Class I type creep behavior of coarse-grained Al0.5CoCrFeMnNi high entropy alloy

The high-temperature deformation behavior of homogenized cast Al0.5CoCrFeMnNi with a coarse-grained face centered cubic (FCC) phase and a small amount of body centered cubic phase-dispersed within the FCC matrix grains was investigated using tensile creep and elongation tests at three temperatures of 1023, 1098 and 1173 K in a wide strain rate range between 10(-8) and 10(-1) s(-1). As the strain rate increased, the strain rate regime associated with n = 3 (where n is the stress exponent) and n = 5 and power law breakdown (n > 7) appeared in sequence. As the temperature increased, the upper limit of the strain rate for n = 3 increased. The inverse primary creep behavior occurred and subgrain formation was not observed at the low strain rates and high temperatures associated with n = 3, strongly suggesting that solute drag creep is the rate-controlling deformation mechanism. Furthermore, the deformation mechanism of Al0.5CoCrFeMnNi was very similar to that of binary Al-Mg alloys known as typical class I solid solution alloys.
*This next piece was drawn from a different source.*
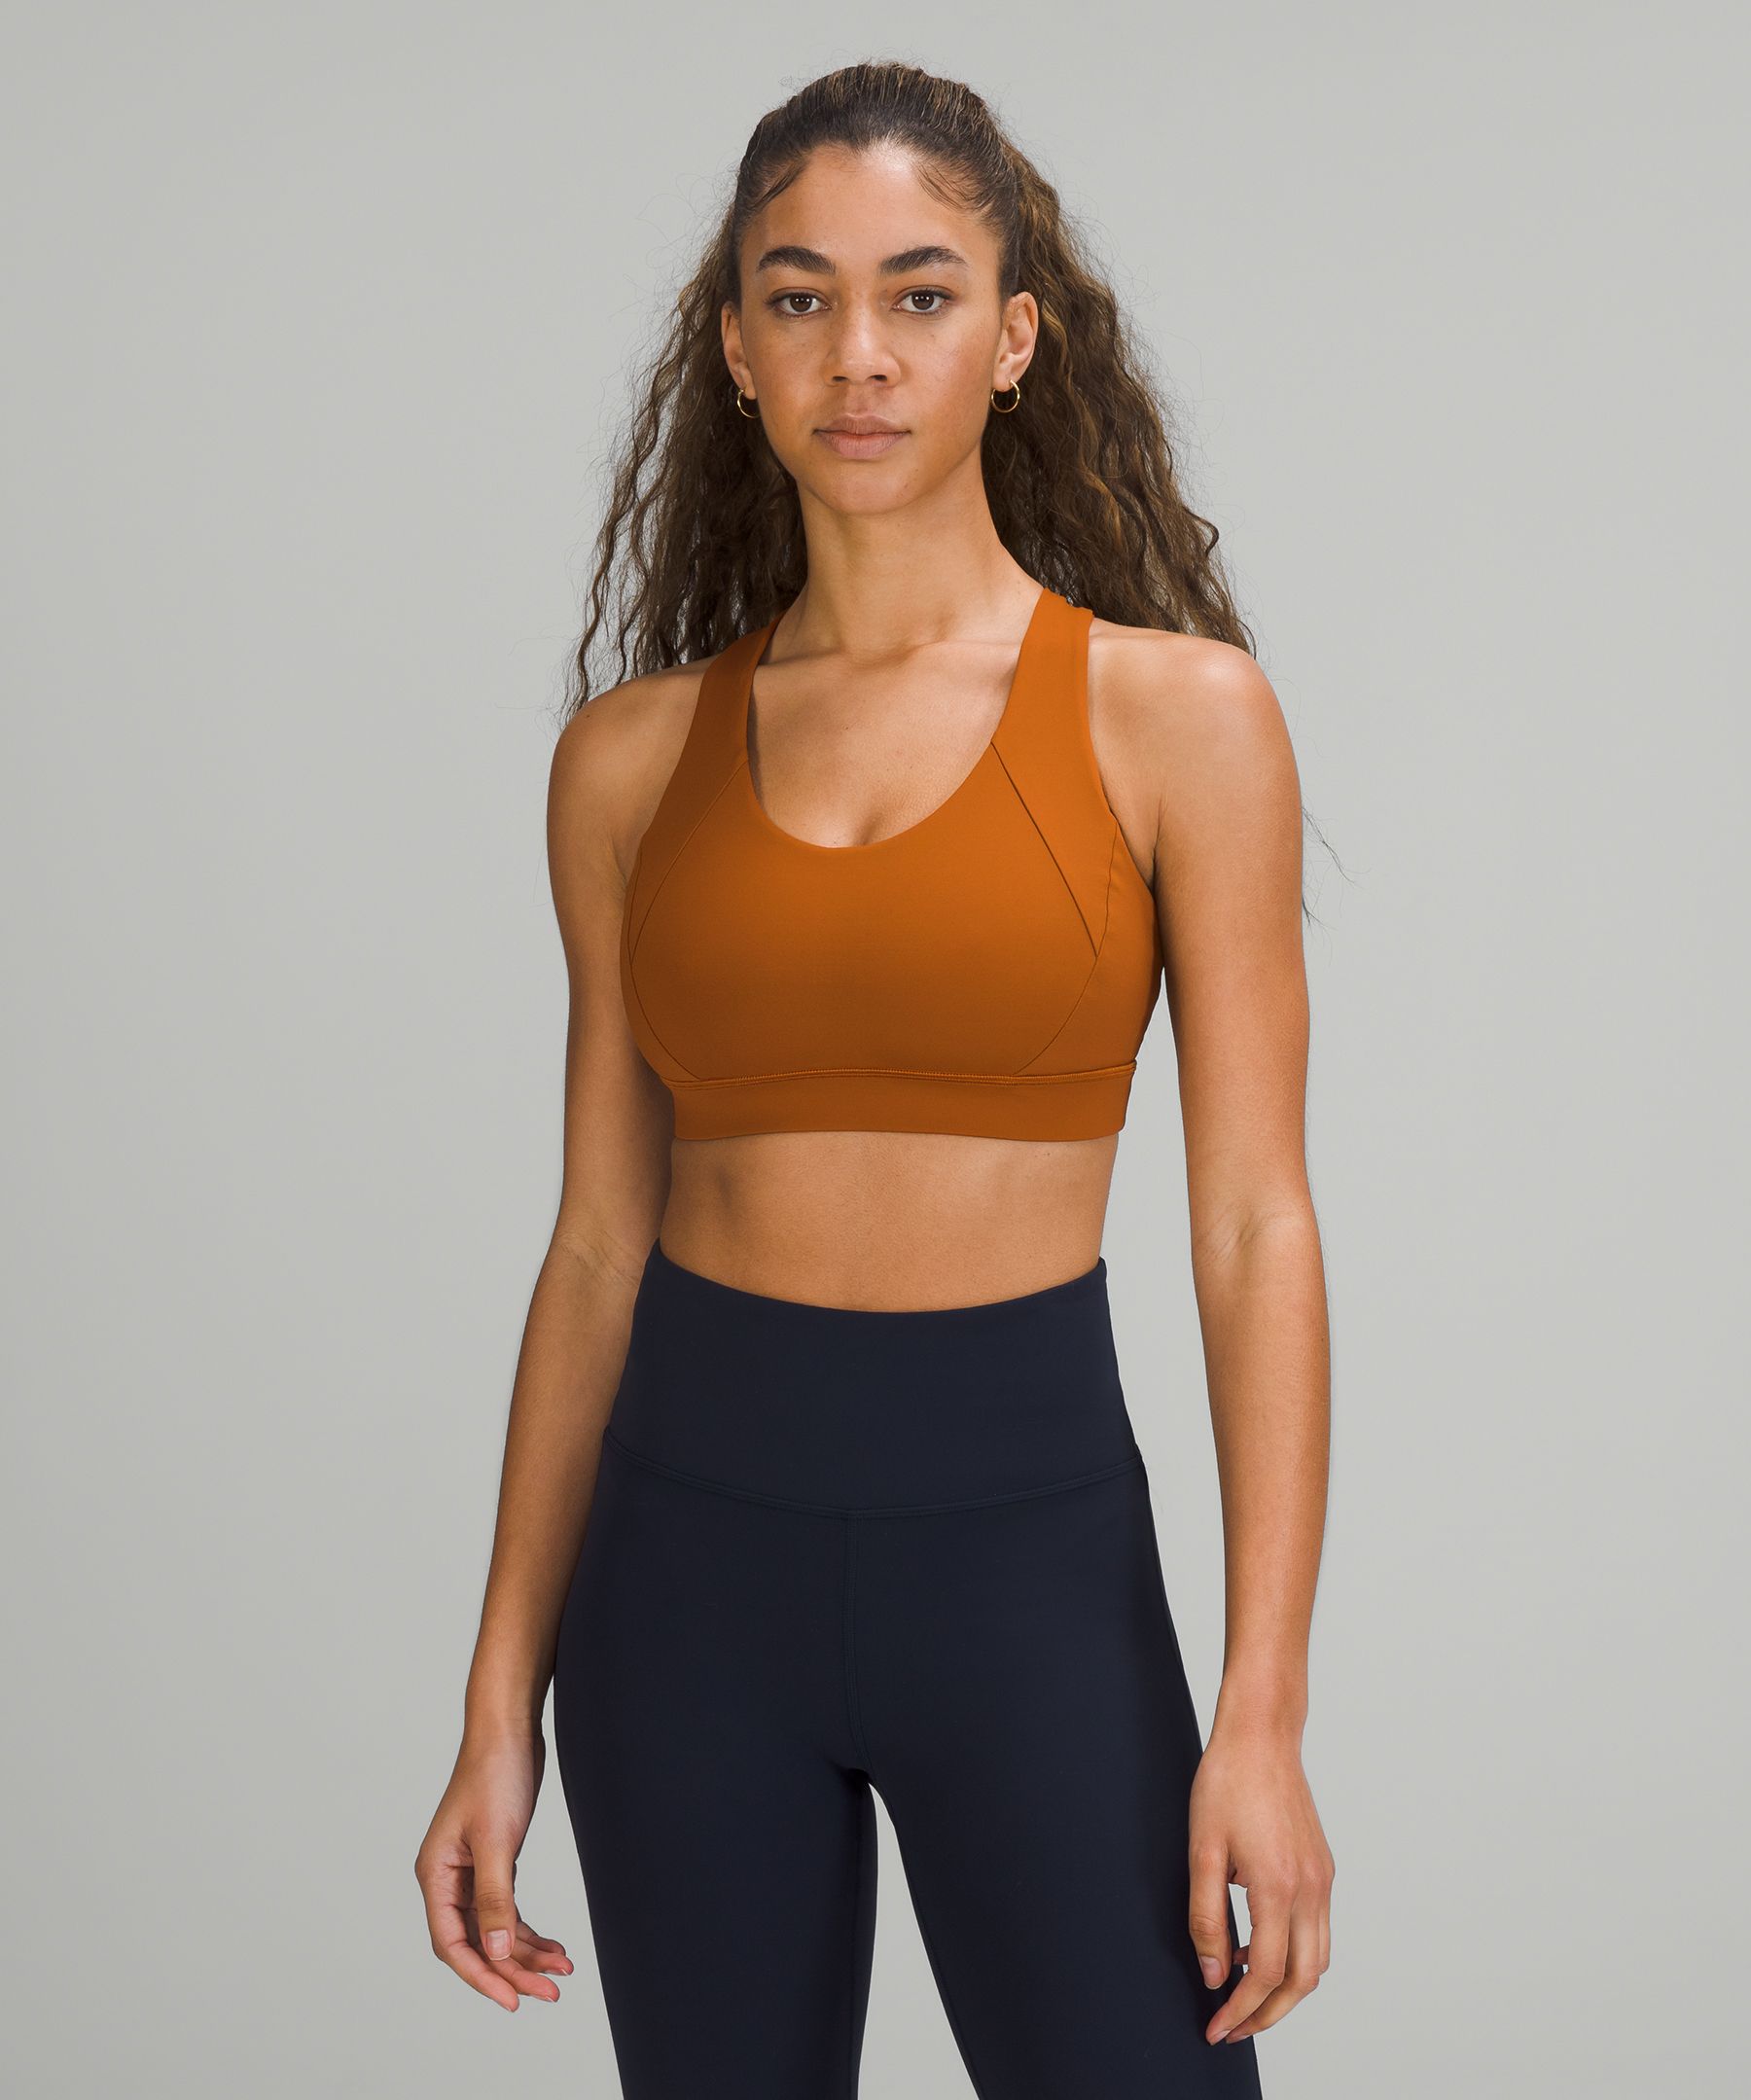 Lululemon Free To Be Elevated Bra Light Support, Dd/Ddd(E) Cup - ShopStyle

The concept of breakaway stress from solute atmosphere could explain the transition of deformation mechanism from solute drag creep to dislocation climb creep at high strain rates.

Automated summary

The high-temperature deformation behavior of homogenized cast Al0.5CoCrFeMnNi alloy was studied, revealing different deformation mechanisms at different temperatures and strain rates, with solute drag creep being the dominant mechanism at low temperatures and low strain rates.